Either of the two points (vernal, autumnal) on the celestial sphere where the ecliptic (which is the apparent path of the sun on the sky) intersects the celestial equator. Due to precession, this point moves over time, so positions of stars in catalogues and on atlases are usually referred to a "mean equator and equinox" of a specified standard epoch. For the purposes of the positions of objects dealt with in these ICQ/CBAT/MPC Web pages, the positions are almost always given for "equinox J2000.0", meaning that the reference system is that at the beginning of the year 2000; prior to 1992, most astronomers were using "equinox B1950.0". Many older star atlases and catalogues still in use refer to equinox 1950.0, so observers must be careful when plotting positions (and when reporting positions) to note the proper equinox. (The "B" and "J" preceding the equinox years indicate "Besselian" and "Julian", respectively. See separate definitions for Besselian year and Julian year.) The differences in an object's position when given in equinoxes 1950.0 and 2000.0 amounts to several arc minutes.

Extinction, atmospheric.
The diminishing of light from astronomical objects due to the earth's atmosphere, in which molecules (air, dust, etc.) of the atmosphere absorb, reflect, and refract light before it reaches the ground. Extinction becomes a severe problem for astronomers when objects are viewed close to (especially within 20 degrees of) the local horizon. There are various methods that have been developed for astronomers to try and compensate for this extinction, but it is always best to make measurements of astronomical objects when they are as high in the sky as possible (to minimize errors).

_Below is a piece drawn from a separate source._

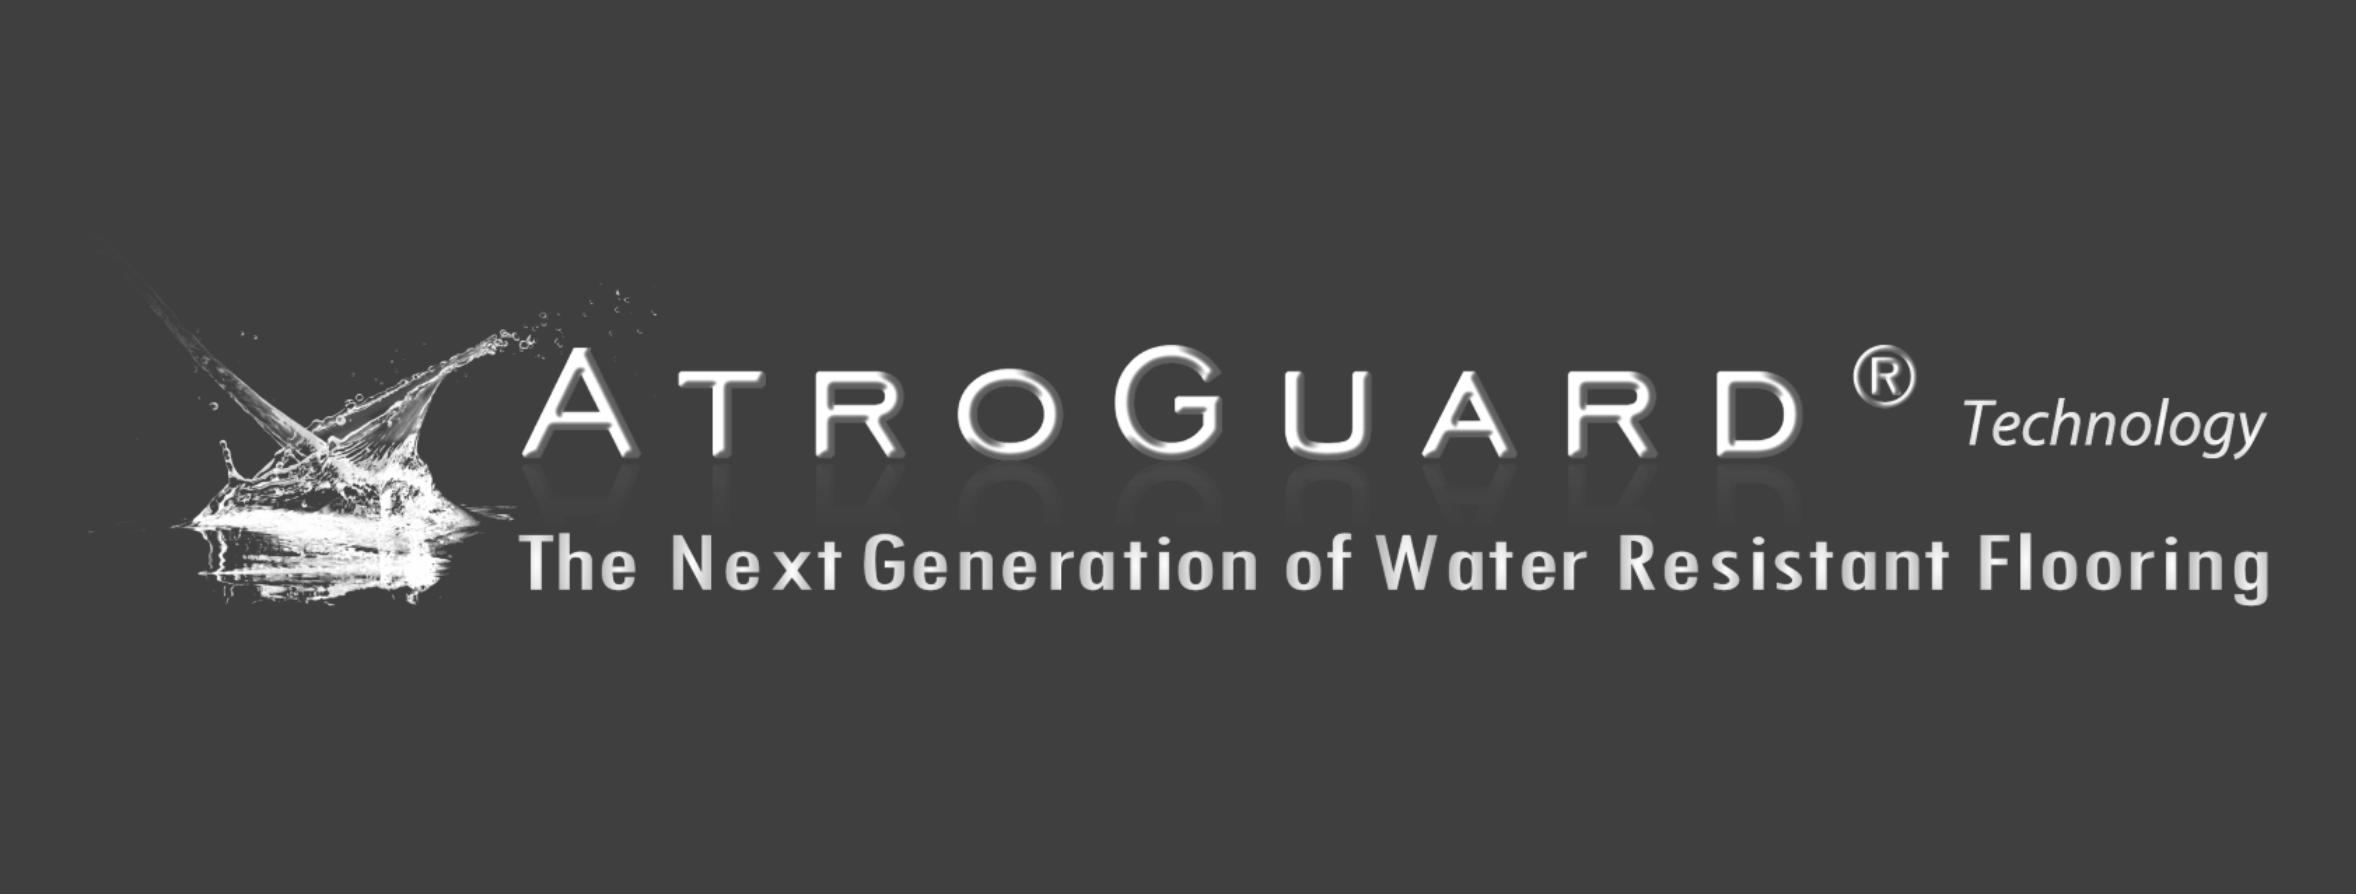 Atroguard logo gray scale.png

Referring to the sun. A heliocentric orbit is one based on the sun as one of the two foci of the (elliptical) orbit (or as the center of a circular orbit); a heliocentric magnitude is the brightness of an object as would be seen from a heliocentric distance of 1 AU (which means a distance of 1 AU from the sun).

Julian date (JD).
The interval of time in days (and fraction of a day) since Greenwich noon on Jan. 1, 4713 BC. The JD is always half a day off from Universal Time, because the current definition of JD was introduced when the astronomical day was defined to start at noon (prior to 1925) instead of midnight. Thus, 1995 Oct. 10.0 UT = JD 2450000.5.

Julian year.
Exactly 365.25 days, in which a century (100 years) is exactly 36525 days and in which 1900.0 corresponds exactly to 1900 January 0.5 (from the Julian-date system, which is half a day different from civil time or UT). The standard epoch J2000.0, now used for new star-position catalogues and in solar-system-orbital calculations, means 2000 Jan. 1.5 Barycentric Dynamical Time (TDB) = Julian Date 2451545.0 TDB. When this dynamical, artificial "Julian year" is employed, a letter "J" prefixes the year.

kilometer = 0.6 mile.

Light pollution.
The emission of stray light or glare from lighting fixtures in manners that counter the purpose of the light (which is to light what is below); also known as the waste of money and energy in the form of electric light, usually meant in the form of outdoor night lighting. Such light trespass causes severe safety problems for motorists, pedestrians, and cyclists at night from lighting that shines onto streets and highways and sidewalks from poorly-designed or poorly-mounted lighting. Such glare also imposes on privacy, by shining brightly into bedroom windows at night and into backyards where adults and children are trying to observe the night sky. While most people have accepted such bad, glare lighting without question and assumed that nothing could be done about it, dedicated groups of volunteers around the world are now showing that effective laws and guidelines can be instated at the local and regional levels of government (and in planning and engineering offices), which mean that proper outdoor night lighting can be a norm so that everybody benefits --- auto drivers, sleeping residents, government budgets, and skygazers alike. Laws mandating full-cutoff light fixtures are already in place in states such as Maine and Connecticut and are pending elsewhere. For more information on the Web, see URL .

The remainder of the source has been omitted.